Чтобы еще глубже погрузиться в этот завораживающий миф, нам не хватит времени, но меня, разумеется, заинтересовала его связь с историей грехопадения, потому что и то, и другое — это истории о знании. Единого и официально принятого гностического учения не существовало, но некоторые секты, время от времени оказывавшие влияние на раннехристианскую мысль (до тех пор пока христиане не осудили все варианты гностицизма разом как еретические), поклонялись тому самому Змею, который помог Адаму и Еве увидеть истину, спрятанную от них демиургом, ложным богом.

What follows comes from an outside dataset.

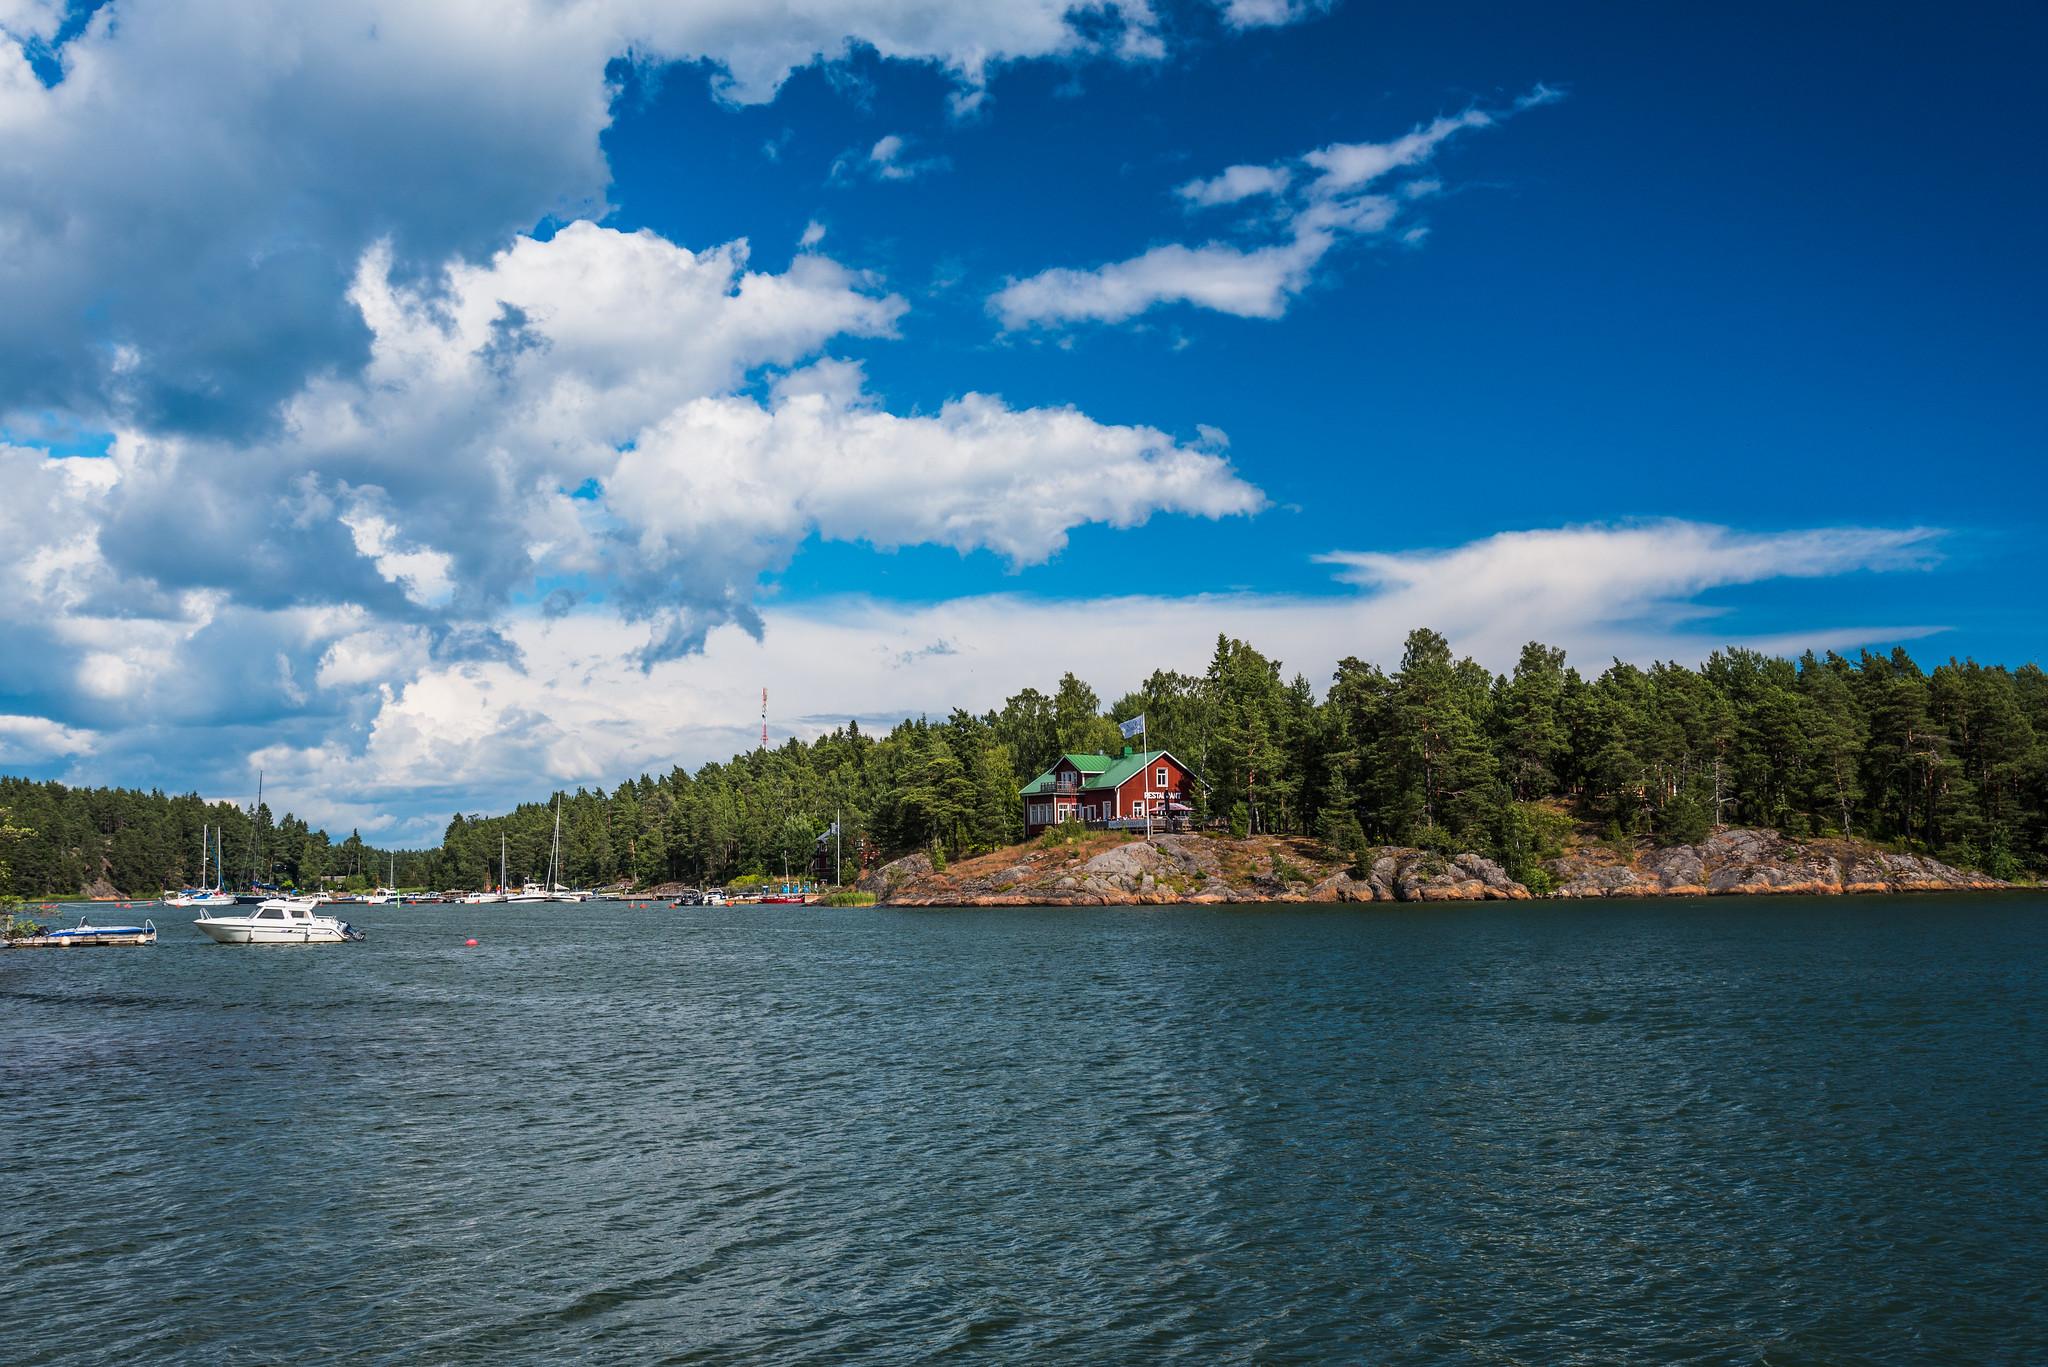 OH/DL2SWW Orslandet Island, Finland

Поэтому я с большим интересом читал все высоколобые книжки о гностицизме, какие удавалось найти, и, разинув рот, поглощал всю популярную продукцию на ту же тему. И вот, когда я уже дописал «Янтарный телескоп» до середины, мне попалась книжка Э. Д. Наттела под названием «Альтернативная Троица: гностическая ересь в сочинениях Марло, Мильтона и Блейка». Это оказался настоящий кладезь полезной информации, удачных догадок и неожиданных взаимосвязей; я схватил ее с восторгом и прочел, не отрываясь, а когда дочитал, внезапно обнаружил, что не могу писать дальше. «Альтернативная Троица» загипнотизировала меня и ввергла в полную неподвижность. Наттел так интересно рассуждал и приводил такие убедительные примеры, что под его влиянием я невольно начал сомневаться в собственной истории: «Да, пожалуй, тут я немного ошибся… и, конечно же, стоило немного четче провести линию офитов… и он, должно быть, прав: Мильтон говорит о Сатане то-то и то-то, а значит, нужно еще раз подумать, что сказать насчет того-то и того-то… а если Блейк относился к змею неоднозначно, то я, пожалуй, вступлю на зыбкую почву, когда примусь за следующую главу…»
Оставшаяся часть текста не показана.